Now we need a native diff viewer for structured files, where the changes are presented with attribution either side by side, or alongside (like gitk, or like gitlab diff viewer).

Then we need an editor that supports doing the gitty stuff natively, so that the non-technical writer doesn't have to worry about creating repos and committing the changes from the command line.

2 comments

Tip: Zoho Writer - https://writer.zoho.com is a Google Docs alternative and comes with additional tools to compare docx files.

https://www.zoho.com/writer/help/document-tools.html#Combine...

After a lot of trying to get Git and Word to play nice together, we ended up building a collaboration tool to bring the power of Git (branching & merging) to non-technical Word users.

Feedback welcome: https://www.simuldocs.com/

Congrtulations, it seems really easy to use. Just one thing: I noticed formatting changes (such as italics) are ignored. Is this deliberate?
Thanks! It is, it's quite hard to highlight exactly what changed regarding formatting and we found our users mostly cared about content changes.

Having said that, adding an option to include formatting changes is on our roadmap.

Yes, it very much depends on the type of content you're editing. My take is that if you don't care about tracking formatting changes, you don't really need Microsoft Word - many other tools could do better.

However, when you're a professional copy editor of non-fiction publications, a substantial part of your work will consist of checking little details, such as making sure the titles of books, magazines, and articles are formatted correctly and so on.

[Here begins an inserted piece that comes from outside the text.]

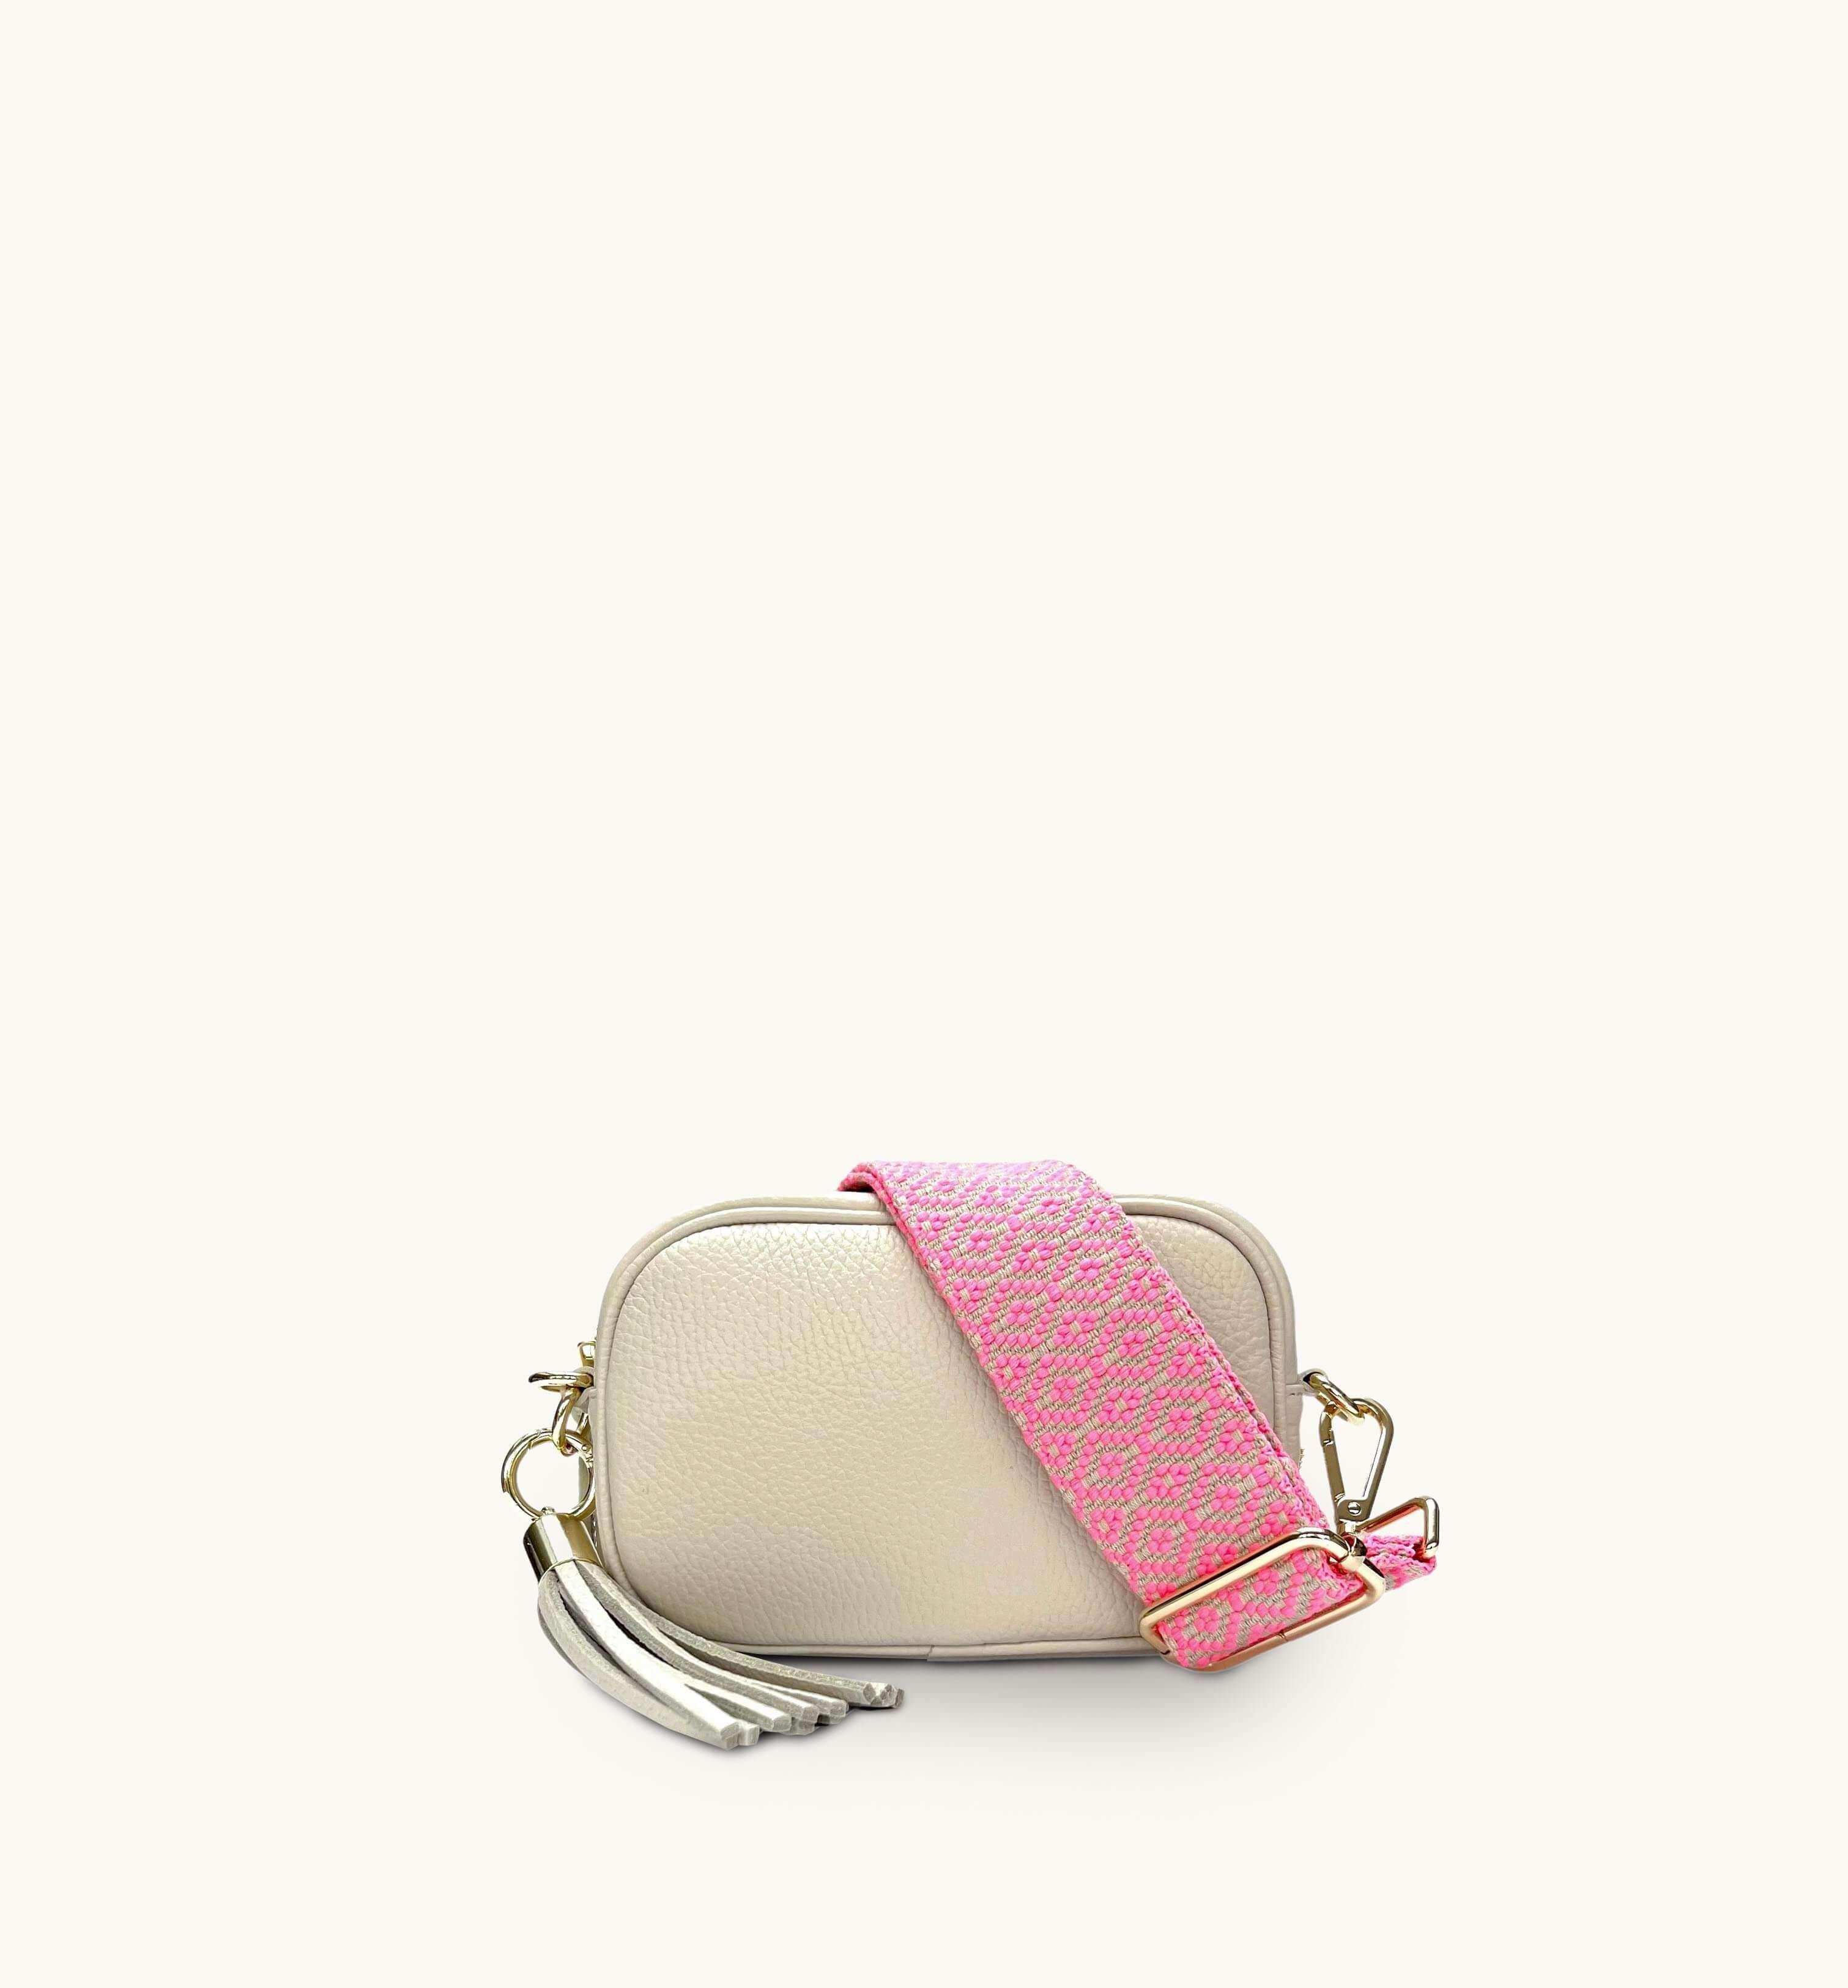 цена Кожаная сумка для телефона Mini с кисточками и неоново-розовым ремешком с вышивкой крестиком Apatchy London, бежевый

Can an attacker use a formatting change to alter the sense of a document? Eg. make the text color the same as the background color or invisibly small?
Potentially this could be used to remove some content (or make it appear removed) without it being highlighted. I doubt this is an issue in practice, considering there's a full audit trail and collaborators are usually trusted, but this is good feedback and we'll see if we can improve this.